Дословно: «Оказался «шире» своего отца, совмещая литературную деятельность с политической аналитикой».

Это «шире отца» неприятно резануло слух, опахнуло ветхозаветным… ну да ладно. Не сам же Денис Драгунский про себя это написал.

Однако именно с той статьи, вернее, с того её заключительного пассажа зародился во мне интерес к творчеству Драгунского-сына. Сначала к политической аналитике.

Что ж, она оказалась такого свойства: «Откуда, из каких немецко-романтических истерик, взялась эта странная мысль: что, дескать, «простой неграмотный народ» обладает каким-то сокровенным знанием и какой-то особой нравственностью? (…) Народ глупее образованного сословия. (…) Почему грамотные должны ориентироваться на мнение неграмотных?»

Что тут скажешь…

Потому что тех, неграмотных, тупо больше – поэтому и должны. Те, кого больше, знаете, как больно дерутся? К тому же это называется «демократия», всё такое…

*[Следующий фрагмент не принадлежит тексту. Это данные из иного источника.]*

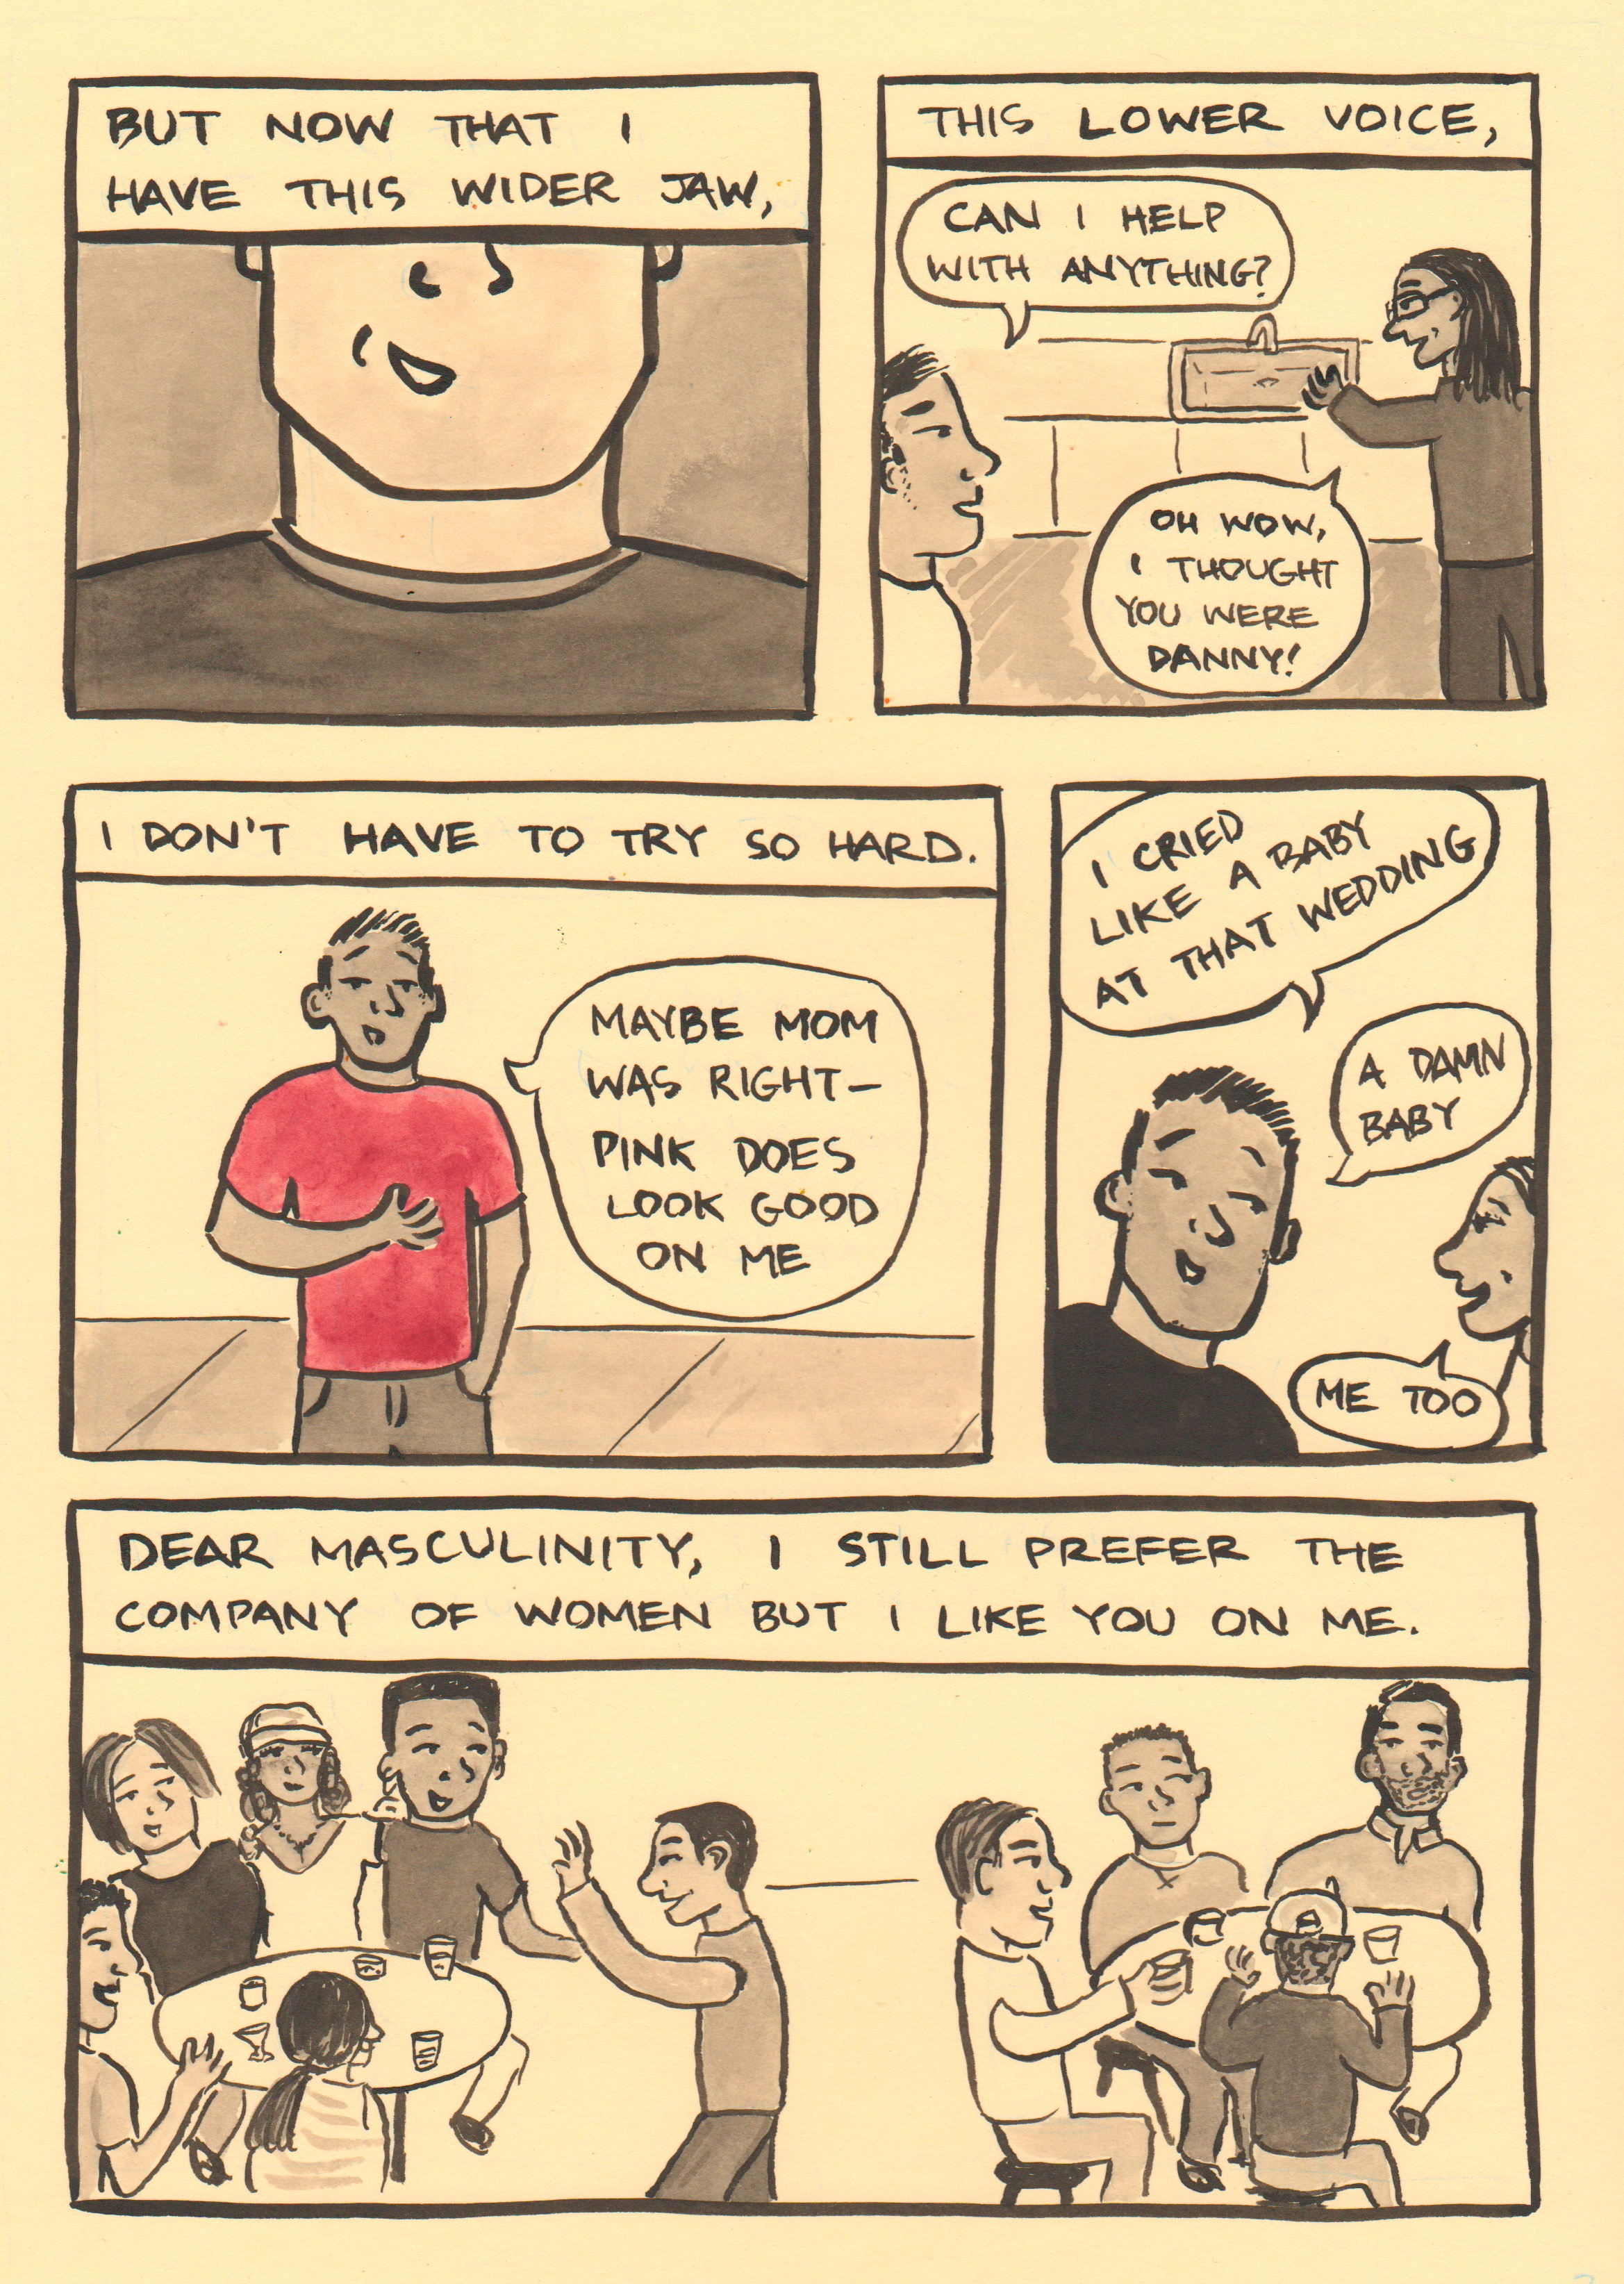 98 dear masculinity 2

Да плюс ещё именно «неграмотные» своим, как правило, весьма тяжёлым трудом создают для «грамотных» условия, благоприятствующие получению ими образования. Ещё и поэтому.

Ну да, наверное, Денис Драгунский не глупее меня и сам понимает это! Наверное, он тут в своей политической аналитике имел в виду что-то другое. Какую-то тонкую игру, интеллектуальную провокацию, да?

Ведь обратите внимание на форму высказывания: «Народ глупее образованного сословия. Почему грамотные должны ориентироваться на мнение неграмотных?» Какое-то мучительно знакомое клише, не находите? «Свобода лучше несвободы наличием свободы»… «Хорошо, кабы умная нация покорила бы весьма глупую-с»…

Не может же литературный человек написать так на голубом глазу.

И тогда я наконец заинтересовался литературной деятельностью прославленного сына великого отца.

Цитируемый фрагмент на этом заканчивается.